- **Prompt**
Could you transcribe all of the data exactly and skip any pictures?
+++ Data shown
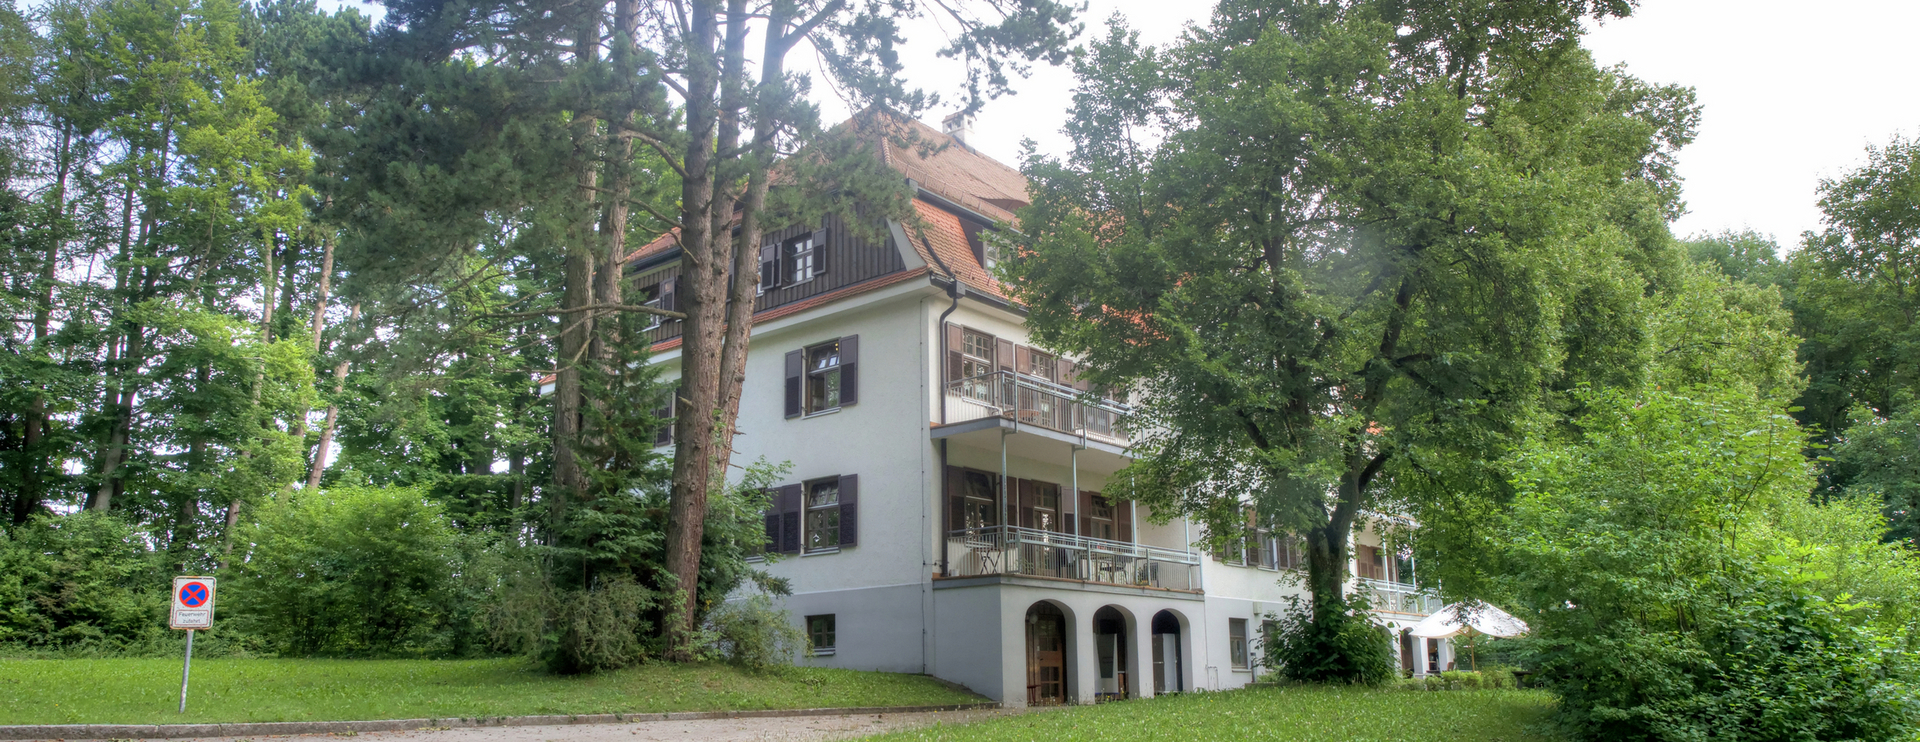 Das Landhaus am Kaiserweiher.
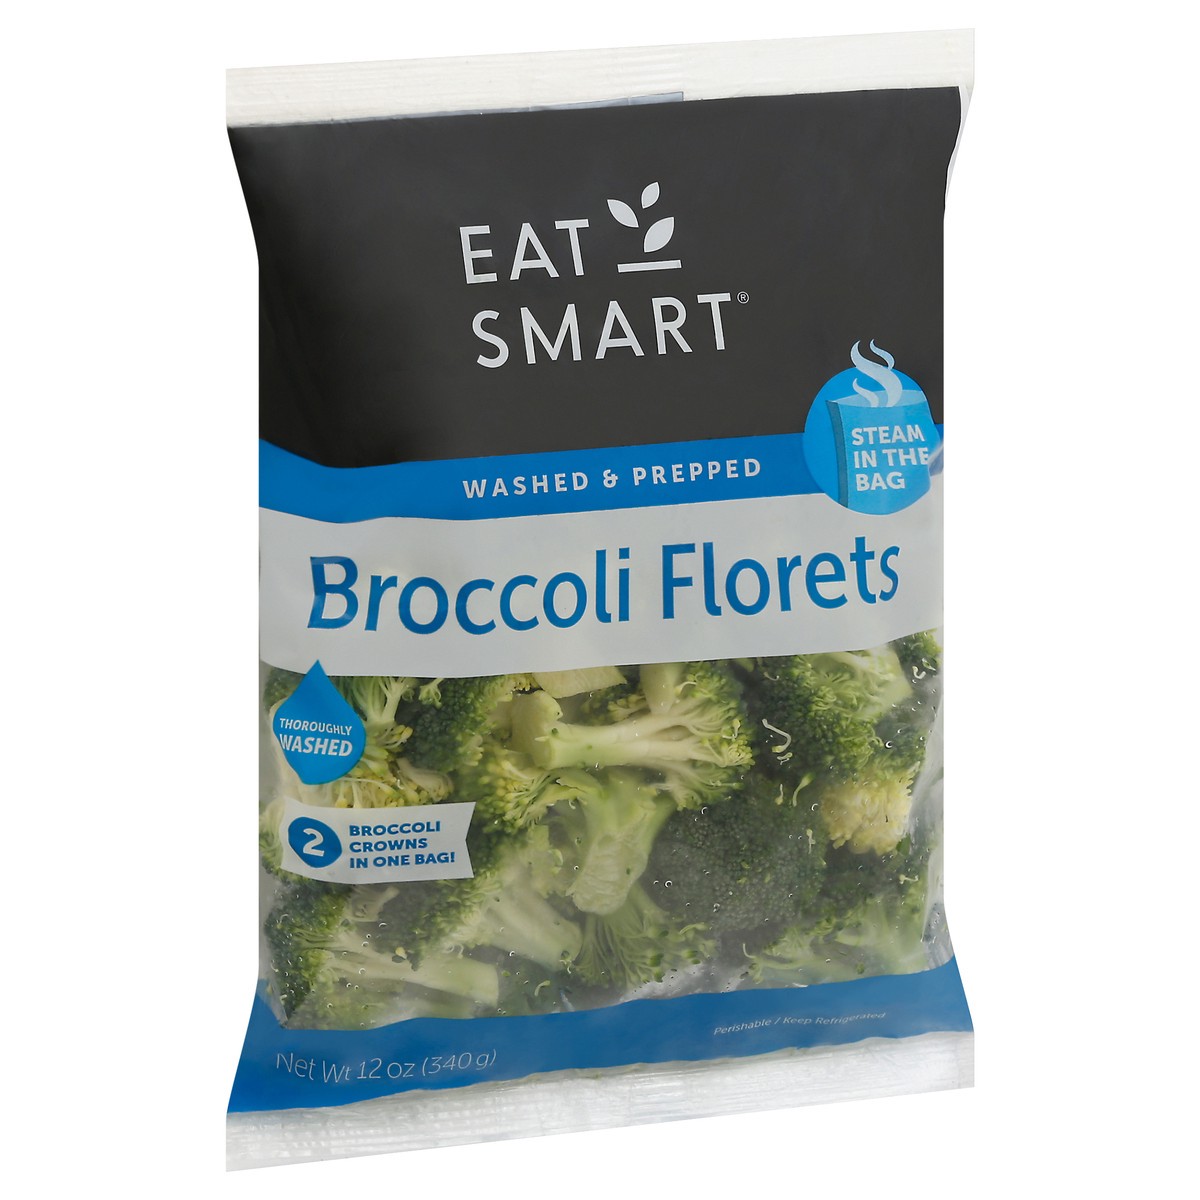 slide 11 of 13, Eat Smart Steam in the Bag Broccoli Florets 12 oz, 12 oz
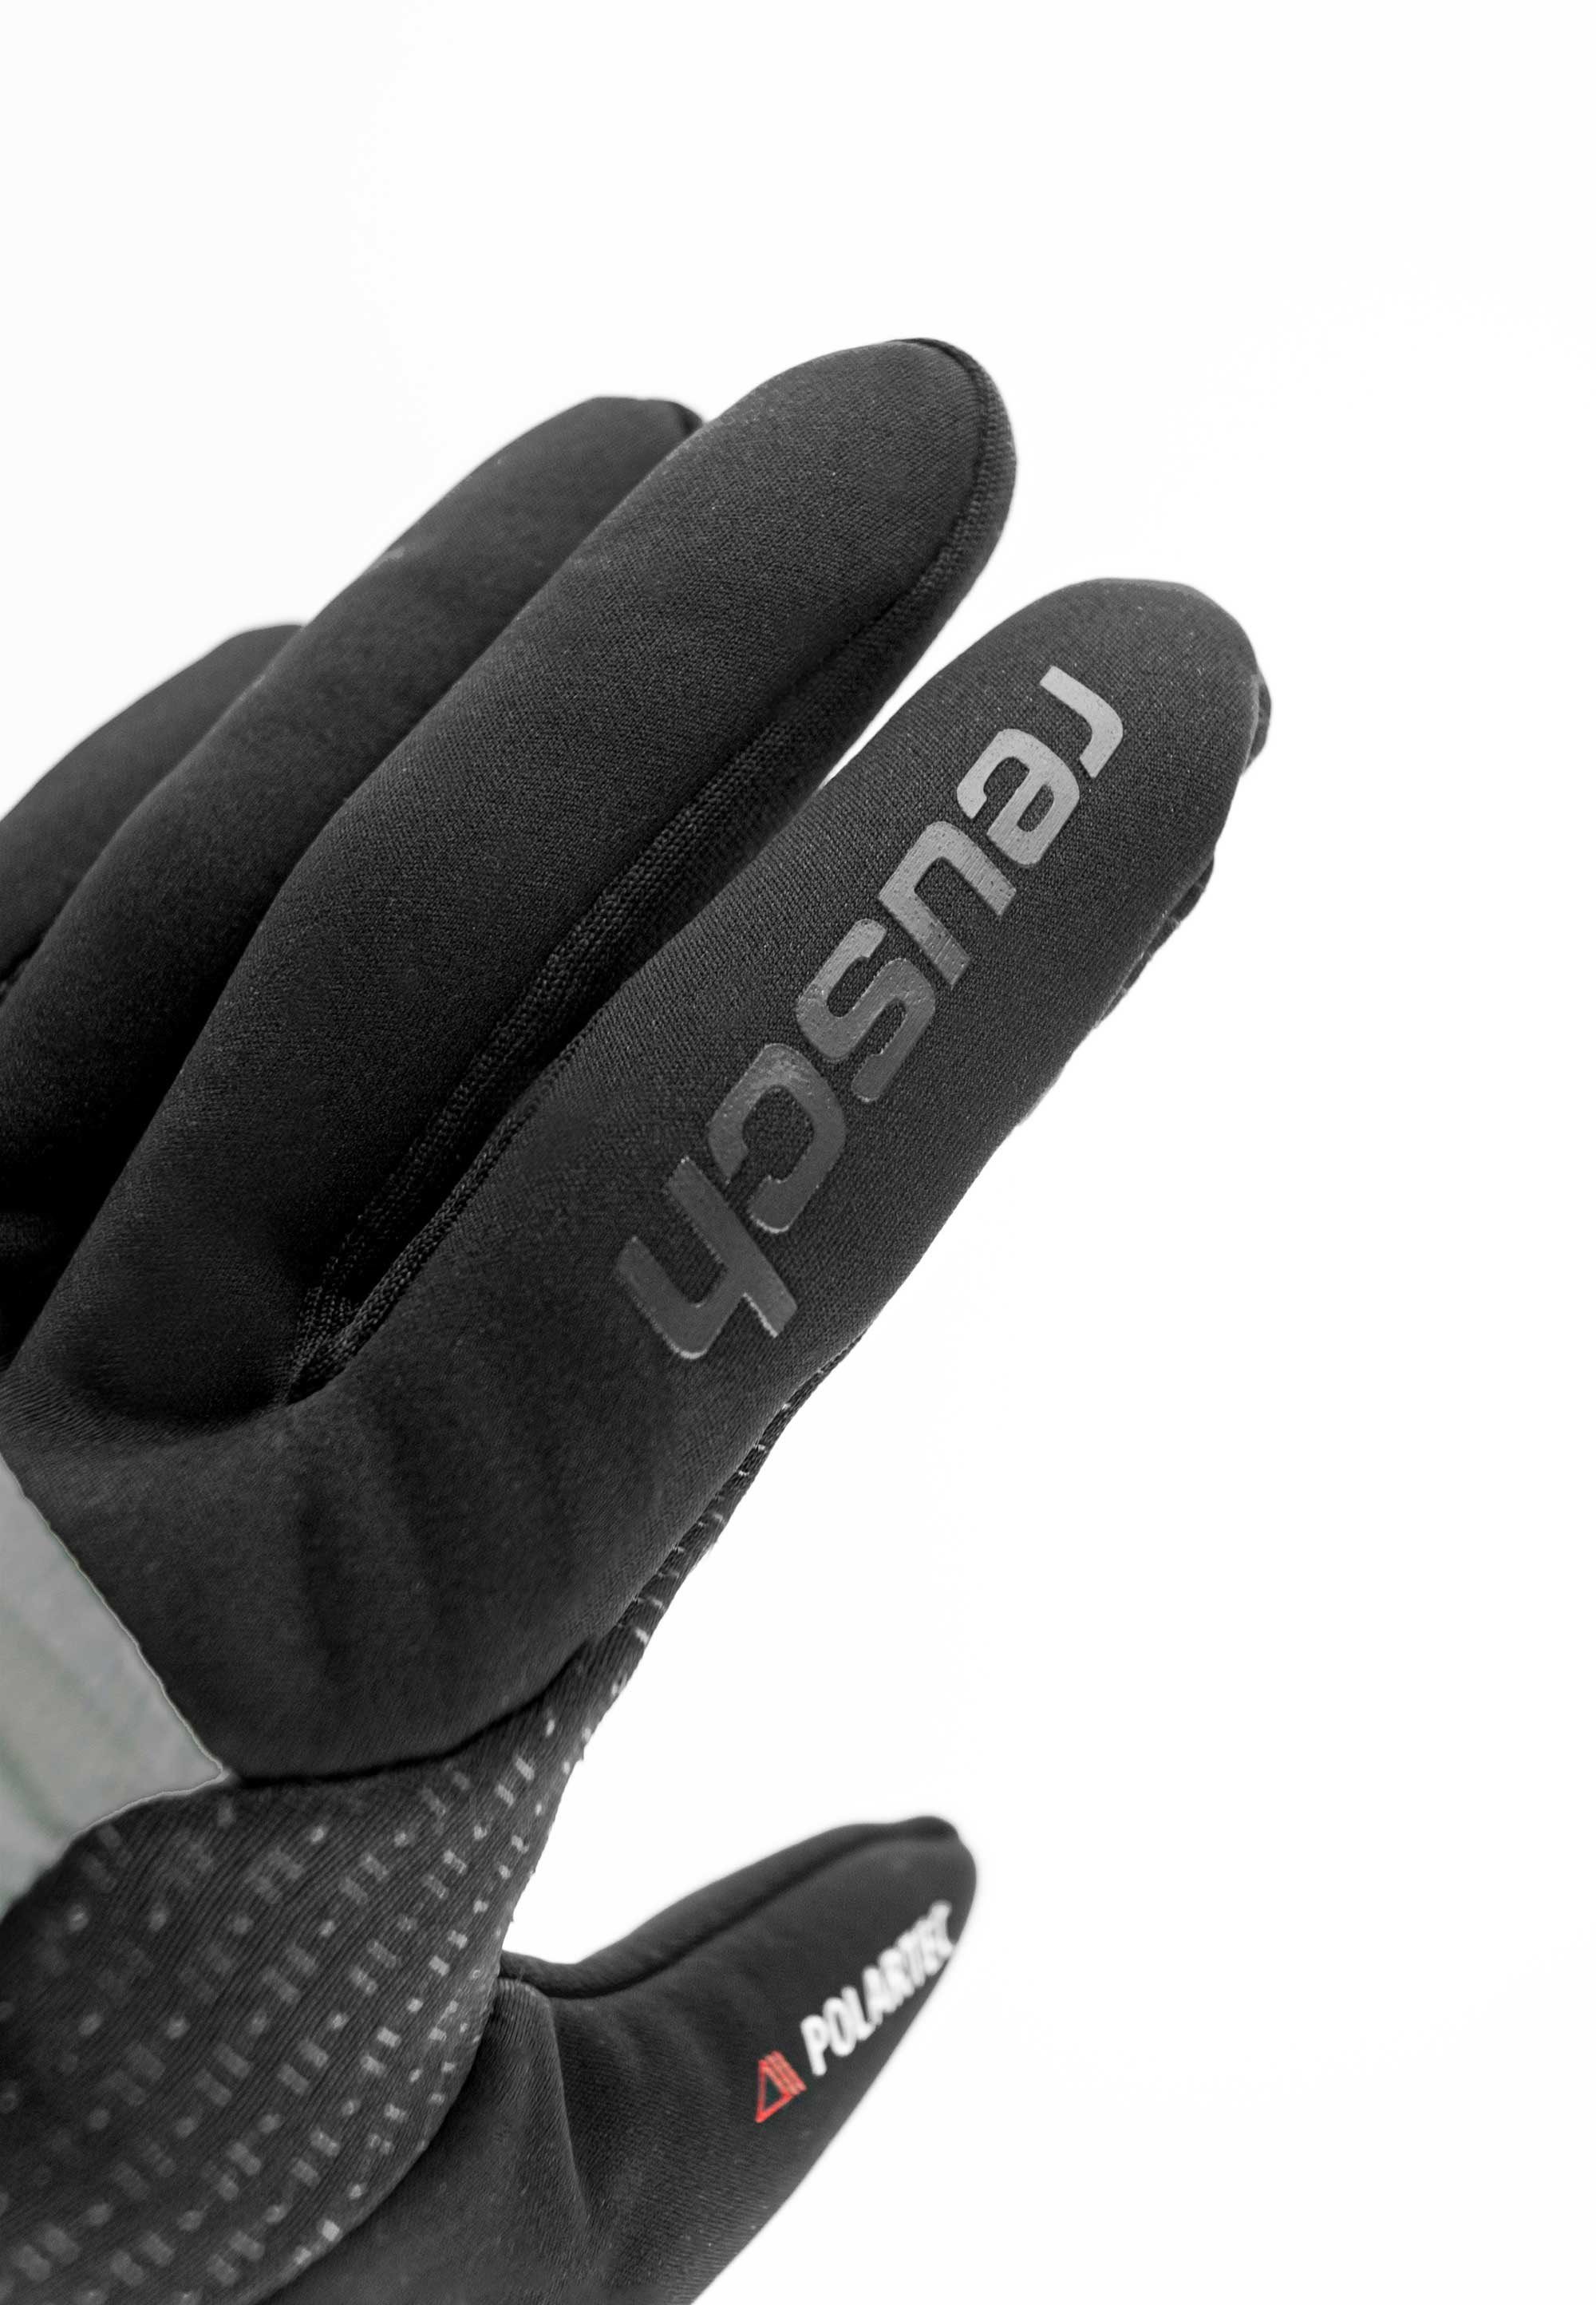 Reusch Skihandschuhe Garhwal Hybrid praktischer grau-schwarz mit Touchscreen-Funktion
++++++
- **Exercise answer**
 Das Landhaus am Kaiserweiher.
 slide 11 of 13, Eat Smart Steam in the Bag Broccoli Florets 12 oz, 12 oz
 Reusch Skihandschuhe Garhwal Hybrid praktischer grau-schwarz mit Touchscreen-Funktion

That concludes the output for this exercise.